93rd United States Congress
- Long title Geothermal Energy Research, Development, and Demonstration Act of 1974 ;
- Signed by: Gerald Ford
- Signed: September 3, 1974

= Geothermal Energy Research, Development, and Demonstration Act of 1974 =

For the Geothermal Energy Act of 1980, please see Geothermal Act.

The Geothermal Energy Research, Development, and Demonstration Act of 1974 was enacted by the 93rd U.S. Congress on September 3, 1974 (H.R. 14920) to address the critical shortage of environmentally acceptable forms of energy. Congress found that some geothermal resources contain valuable byproducts such as potable water and mineral compounds which should be processed and recovered as national resources.

== The Geothermal Energy Coordination and Management Project ==
The act established the Geothermal Energy Coordination and Management Project which shall be composed of six members as follows:

- One to be appointed by the President.
- An assistant director of the National Science Foundation (NSF)
- An Assistant Secretary of the Department of the Interior
- An Assistant Administrator of the National Aeronautics and Space Administration (NASA)
- The General Manager of the Atomic Energy Commission
- An Assistance Administrator of the Federal Energy Administration (the predecessor to the Department of Energy)

The project goal is for the effective management and coordination in terms of a national geothermal energy research, development, and demonstration program.

== The Geothermal Loan Guarantee Program (GLGP) ==
The act gives the Chairman of the Project the authority to designate an appropriate Federal agency to guarantee loans for the commercial applications of geothermal energy. The head of the designated agency is authorized, in consultation with the Secretary of the Treasury, to guarantee loans from lenders to qualified borrowers for the development of geothermal energy projects.

As of 1980, the program was managed by the Assistant Secretary for Resource Applications at the Department of Energy (DOE).

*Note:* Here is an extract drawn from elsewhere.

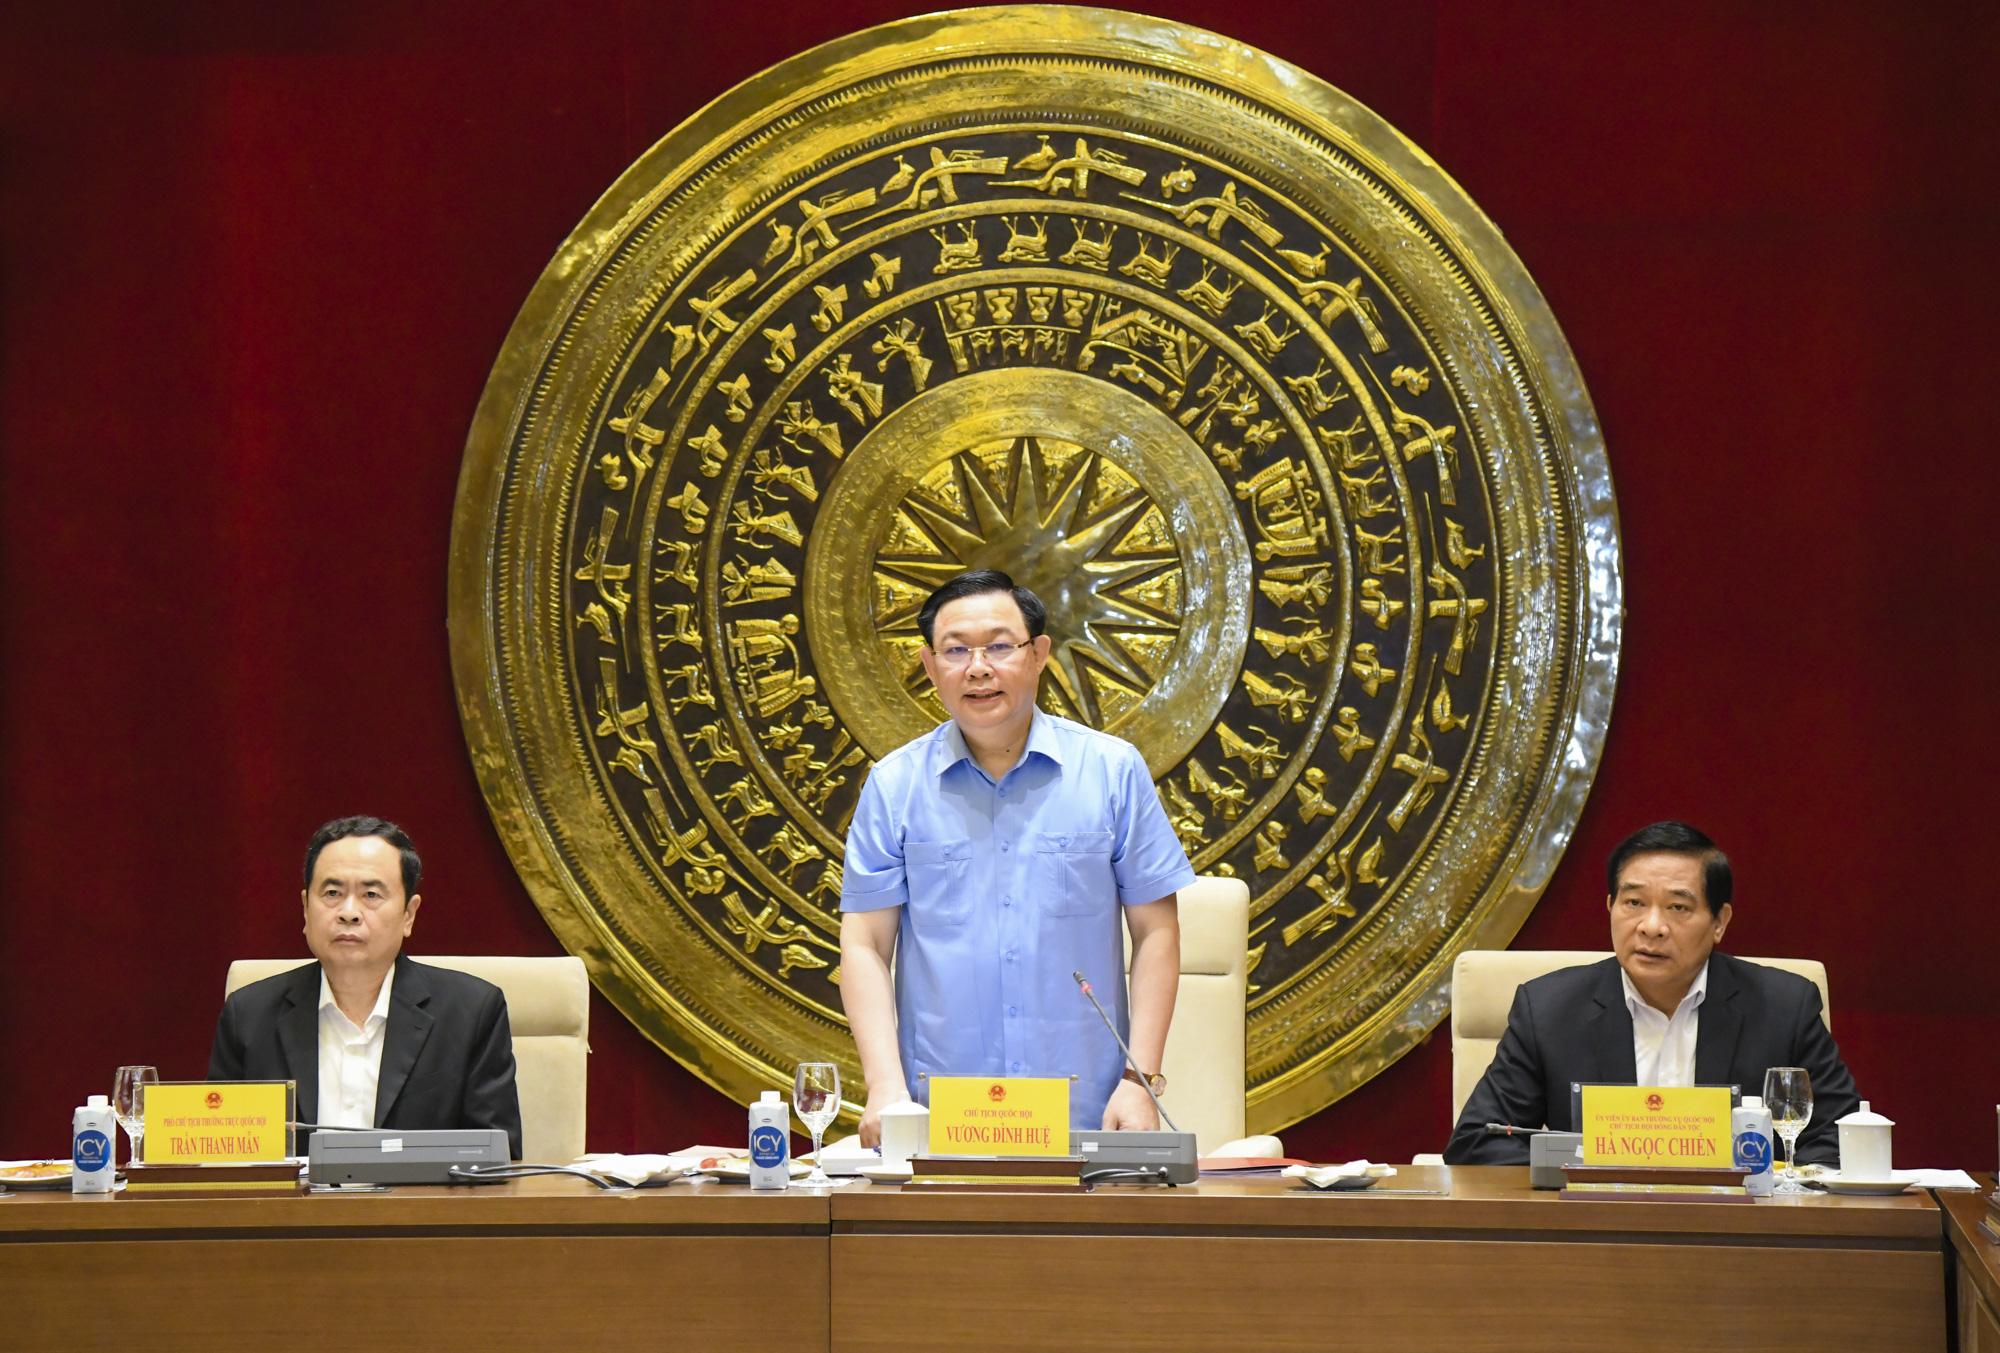 Ảnh: Chủ tịch Quốc hội Vương Đình Huệ làm việc với Hội đồng Dân tộc - Ảnh 2.

=== Geothermal Resource Development Fund ===
The act also gives the Treasury of the United States the Geothermal Resource Development Fund for the head of the designated agency to provide loan guaranties as well as to provide the interest assistance program authorized by the act.

=== Loan limits ===
With the GLGP, 100% of a loan could have a federal guarantee with a limit of the loan being 75% of project costs. This was subsequently amended in 1980 to allow for a federal guarantee of 90% of the total aggregate project cost providing that the applicant was an electric, housing or other cooperative or a municipality. The limitations, however, were:

- The loans were limited to $100 million per project.
- No qualified borrower was to receive more than $200 million in loans.

== Criticism ==
According to paper presented at the World Geothermal Congress in 2005 of the International Geothermal Association, the program had two deficiencies:

- The strict guidelines of the loan guaranty left those who could have likely received the loans without the guarantee as the most likely candidates for the program.
- Utilities avoided the program because default, even with the guarantee program, would have been a detriment to their credit ratings.

Source:

== Reporting requirements ==
The chairman of the project shall submit annual reports to the President and Congress, and to provide as an accurate a judgement as is possible as to the extent that the act met its objectives by June. 30, 1980.